@siyu_ok I would use Agent Studio to setup the pipeline and visually inspect what is happening and independently test the ASR, LLM, TTS. You can also manually run some of the tests under nano_llm/test to confirm the ASR and TTS functionality first:
@dusty_nv Thank you for your information! I modified the pipeline of voice_chat, and now it worked. But a exception raised after a few conversations:
Exception in thread Thread-2 (_run):
Traceback (most recent call last):
File “/usr/lib/python3.10/threading.py”, line 1016, in _bootstrap_inner
self.run()
File “/usr/lib/python3.10/threading.py”, line 953, in run
self._target(*self._args, **self._kwargs)
File “/opt/NanoLLM/nano_llm/models/mlc.py”, line 529, in _run
self._generate(stream)
File “/opt/NanoLLM/nano_llm/models/mlc.py”, line 507, in _generate
prefill(self.embed_tokens([self.tokenizer.eos_token_id], return_tensors=‘tvm’), stream.kv_cache)
File “/opt/NanoLLM/nano_llm/models/mlc.py”, line 283, in embed_tokens
raise RuntimeError(f"{self.config.name} does not have embed() in {self.module_path}")
RuntimeError: phi-2 does not have embed() in /data/models/mlc/dist/phi-2-ctx2048/phi-2-q4f16_ft/phi-2-q4f16_ft-cuda.so
Hi @siyu_ok, does this only occur after the chat history fills up, or is it with fresh chat?

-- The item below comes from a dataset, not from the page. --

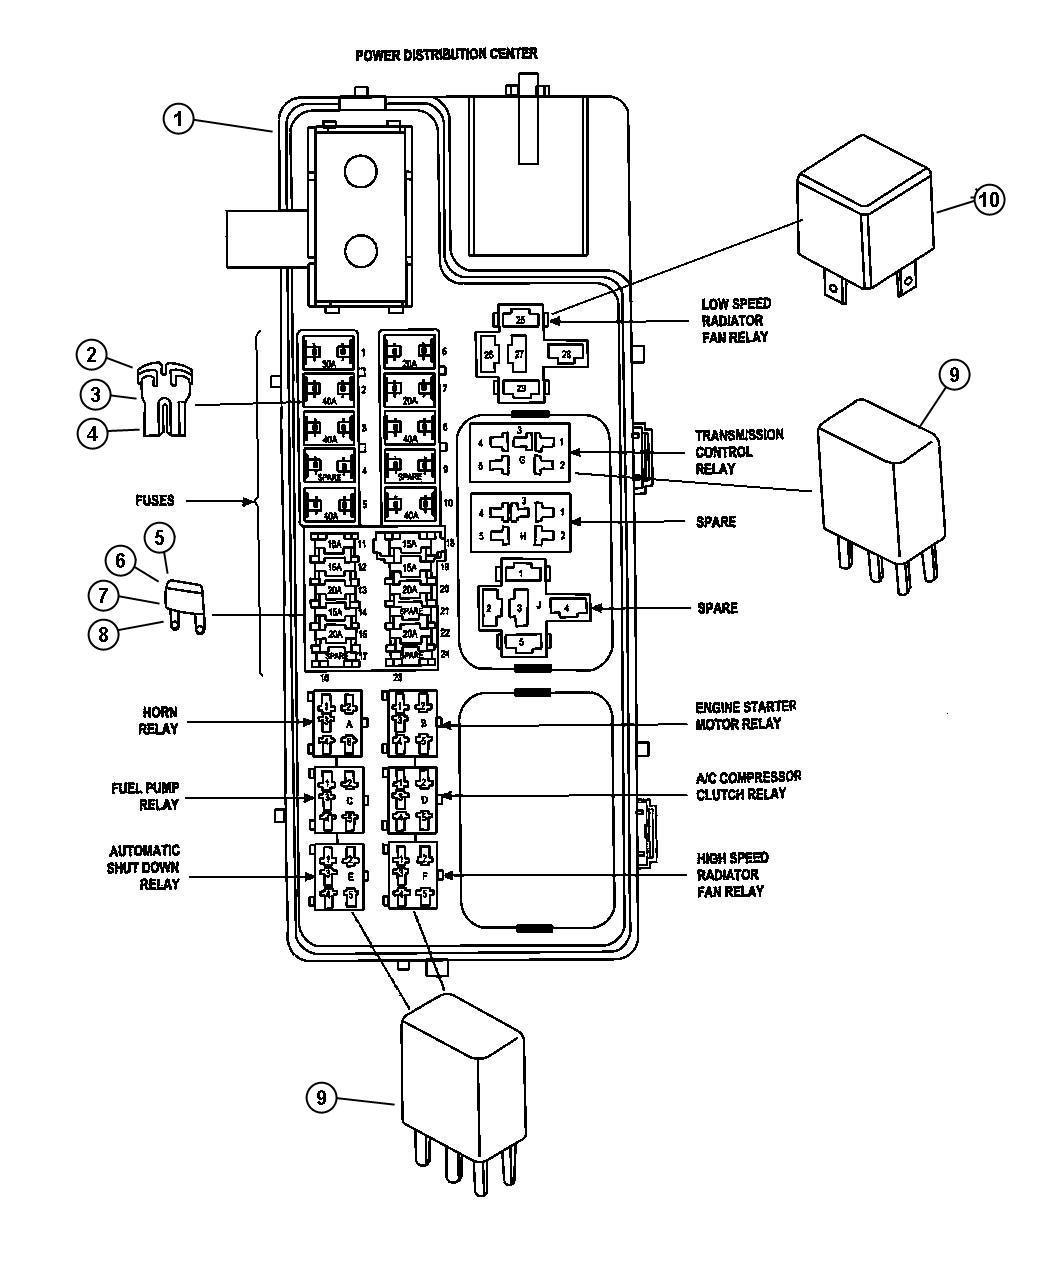 00i54981?resize\\\=665%2C808 pt cruiser radiator fan wiring trusted wiring diagram

Can you try changing the --max-context-len to see if that alters the behavior?
@dusty_nv the same issue occurred with --max-context-len=512.

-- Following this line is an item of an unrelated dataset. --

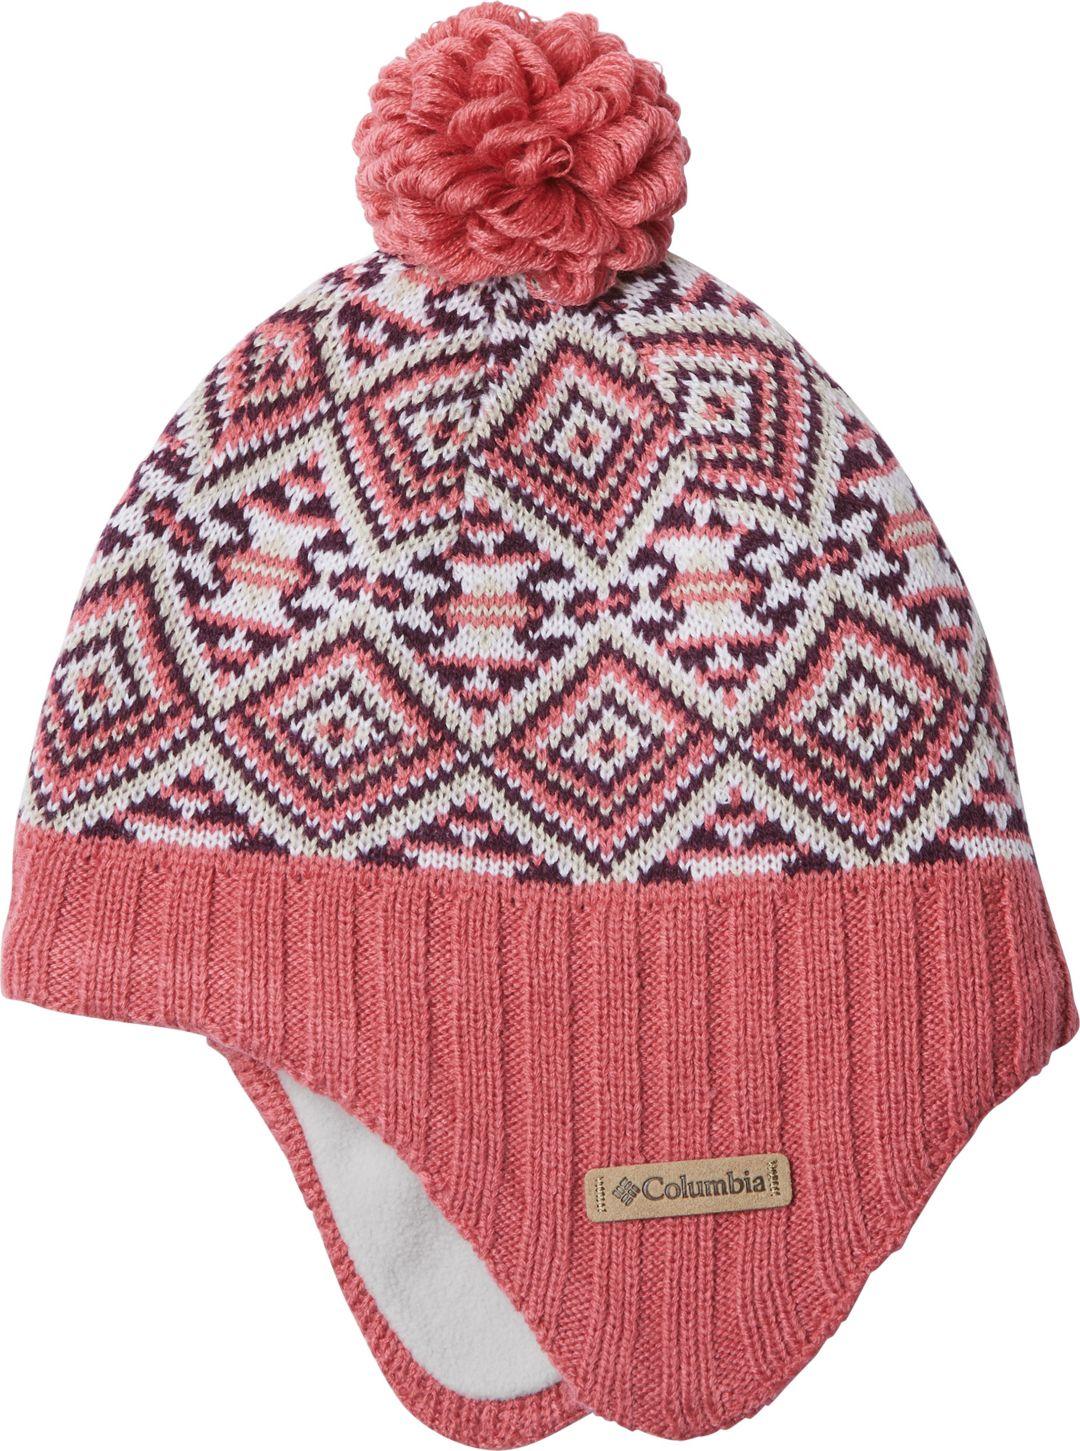 1d0063915 Columbia Youth Winter Worn II Peruvian Hat

So I tested the Llama-3-8B-Instruct, it worked well with no errors, so I think it’s probably a model-related problem.
OK gotcha @siyu_ok , thanks for letting me know. In that case, you might want to try it with a different LLM backend (like --api=hf). I have been meaning to upgrade the version of MLC/TVM this uses to pick up the latest fixes in that.